Art ancien et moderne

Au XVIIIe et au XIXe siècle, les artistes suisses s'exilent à Rome et à Paris pour acquérir une formation académique et trouver un débouché à leur art. Louis Ducros (477 œuvres), aquarelliste le plus éminent de son temps, s'installe en Italie où ses vues idéales des monuments de l'Antiquité et ses paysages du Sud de la Péninsule enthousiasment les touristes du Grand Tour.
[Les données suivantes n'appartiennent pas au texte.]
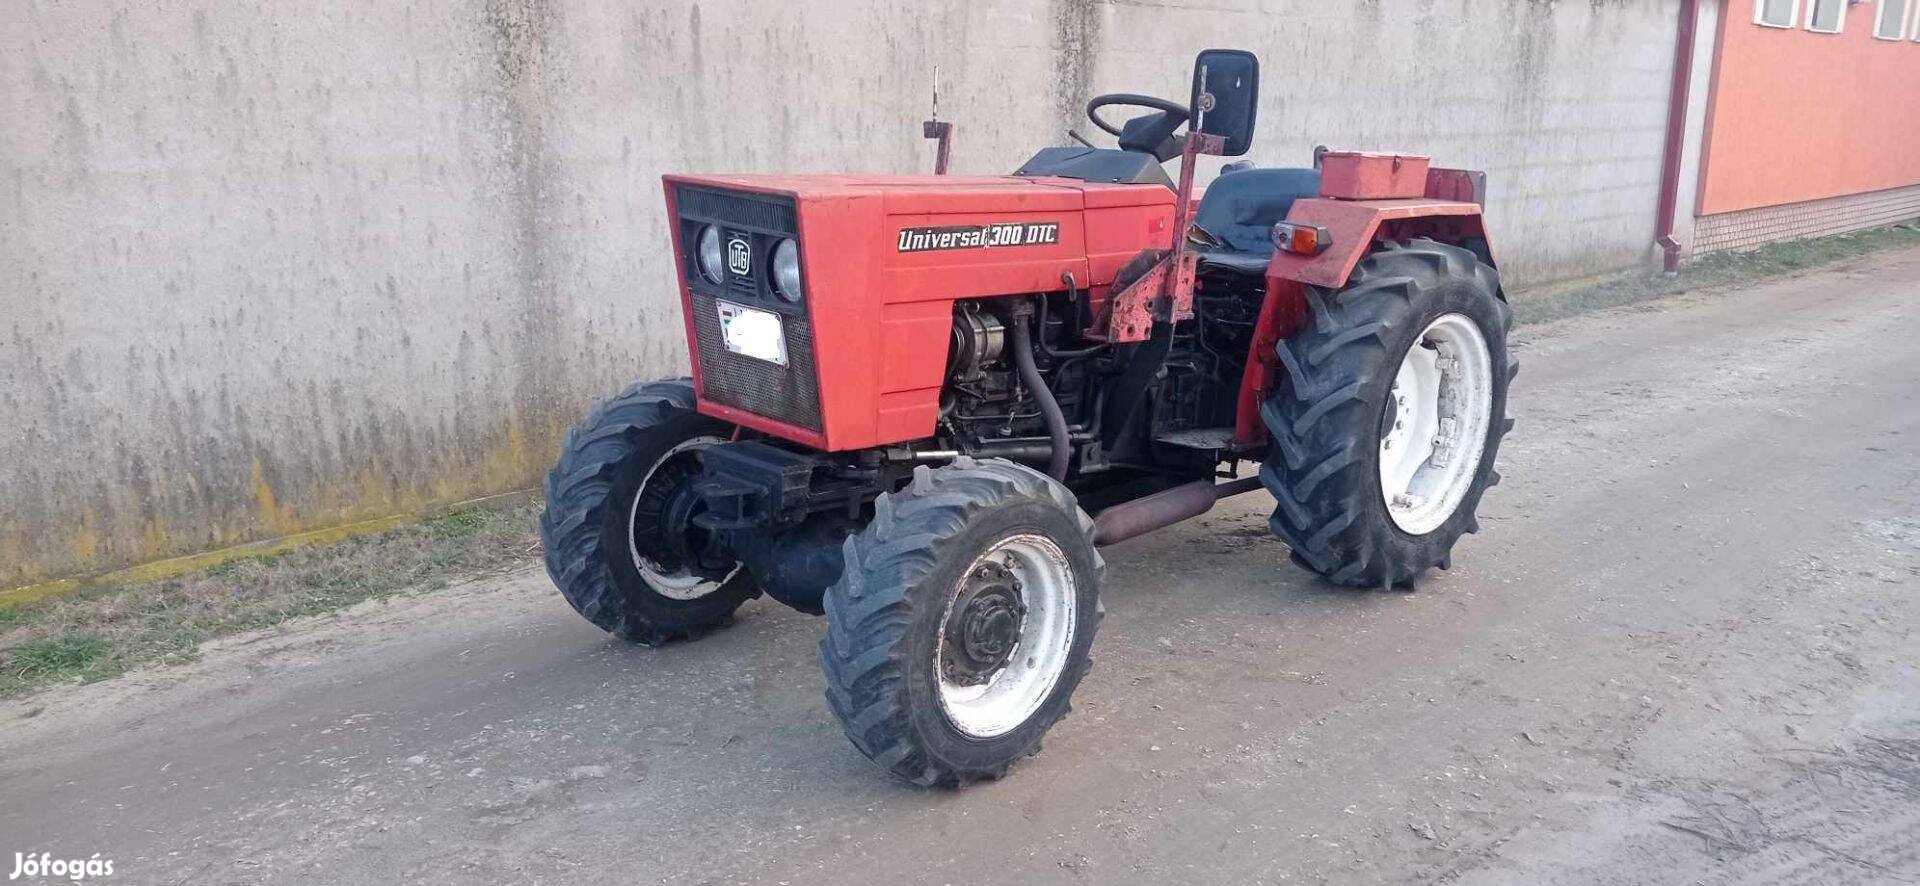 UTB 300 DTC traktor 4x4
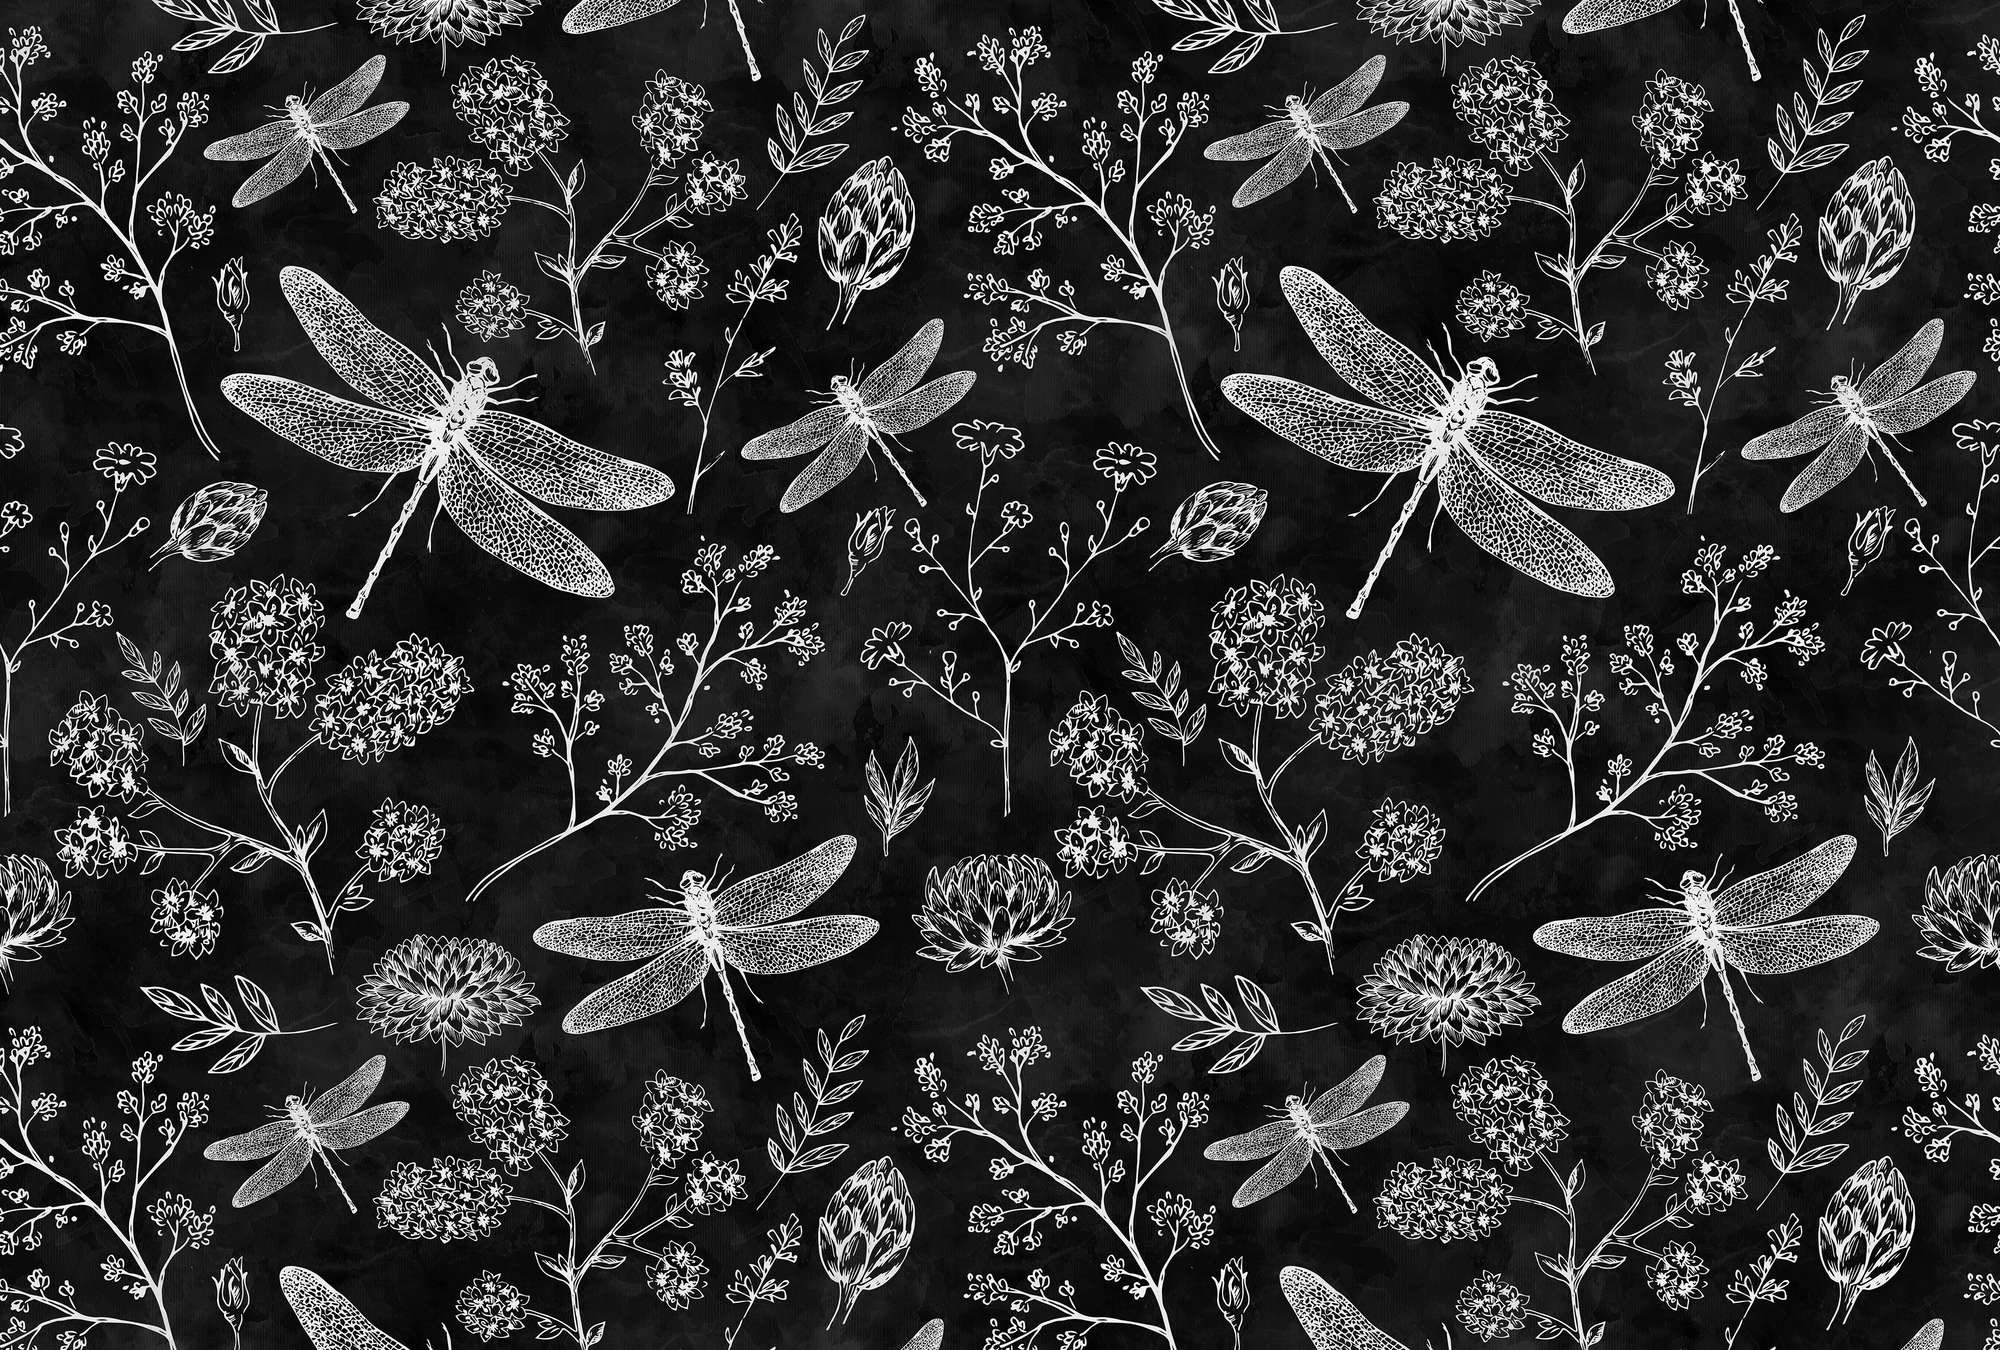             Papel pintado fotográfico en blanco y negro Libélulas y flores

Avec Jacques Sablet, le "peintre du soleil", se réalise l'intégration harmonieuse de la figure dans le paysage.
Charles Gleyre (479 œuvres) incarne la norme académique au sein de la collection. Orientaliste, portraitiste et peintre d'histoire, il trouve sa voie entre romantisme et classicisme. Dès 1843, il enseigne gratuitement dans son atelier parisien où il accueille les futurs impressionnistes Bazille, Monet, Renoir, Sisley, ainsi que les jeunes espoirs de l’école suisse. Les paysages de Diday, Calame et de Corot, les scènes de genre de Léopold Robert, Benjamin Vautier et Albert Anker conduisent à l'œuvre majeure de Félix Vallotton (500 œuvres), chantre des intimités bourgeoises. Révolutionnaire parmi les Nabis, il anticipe les froides audaces du Réalisme magique. Son œuvre de maturité voit s’épanouir les «paysages composés», qui renouent avec le paysage historique de Poussin. Théophile-Alexandre Steinlen (178 œuvres) fait revivre le souvenir de Delacroix, Daumier, Doré ou Manet. Par la diffusion des ses affiches et de ses illustrations pour les grands périodiques, par son engagement dans la culture libertaire et pacifiste, il est une figure importante du cap du XXe siècle.
Avec le legs du Dr Henri-Auguste Widmer, la collection s'enrichit au début du XXe siècle d'œuvres essentielles de l'impressionnisme, du symbolisme et du post-impressionnisme. Degas, Renoir, Cézanne, Vuillard, Bonnard, Denis, Rodin et Maillol dialoguent avec les Suisses François Bocion, Ernest Biéler, Ferdinand Hodler et Giovanni Giacometti. Le cubisme, le futurisme et le retour à l'ordre s'incarnent dans les travaux d'Alice Bailly, Gustave Buchet et René Auberjonois (125 œuvres). Les dessins et peintures de deux artistes de la marge, Louis Soutter (596 œuvres) et Aloïse accompagnent les ruptures de l'art moderne. Soutter, au bénéfice d’une double formation musicale et artistique, s’évade de l’internement contre son gré dans un home pour vieillards par la création de milliers de dessins dans lesquels se révèle l’apport de son génie personnel à l’histoire de l’art de son temps.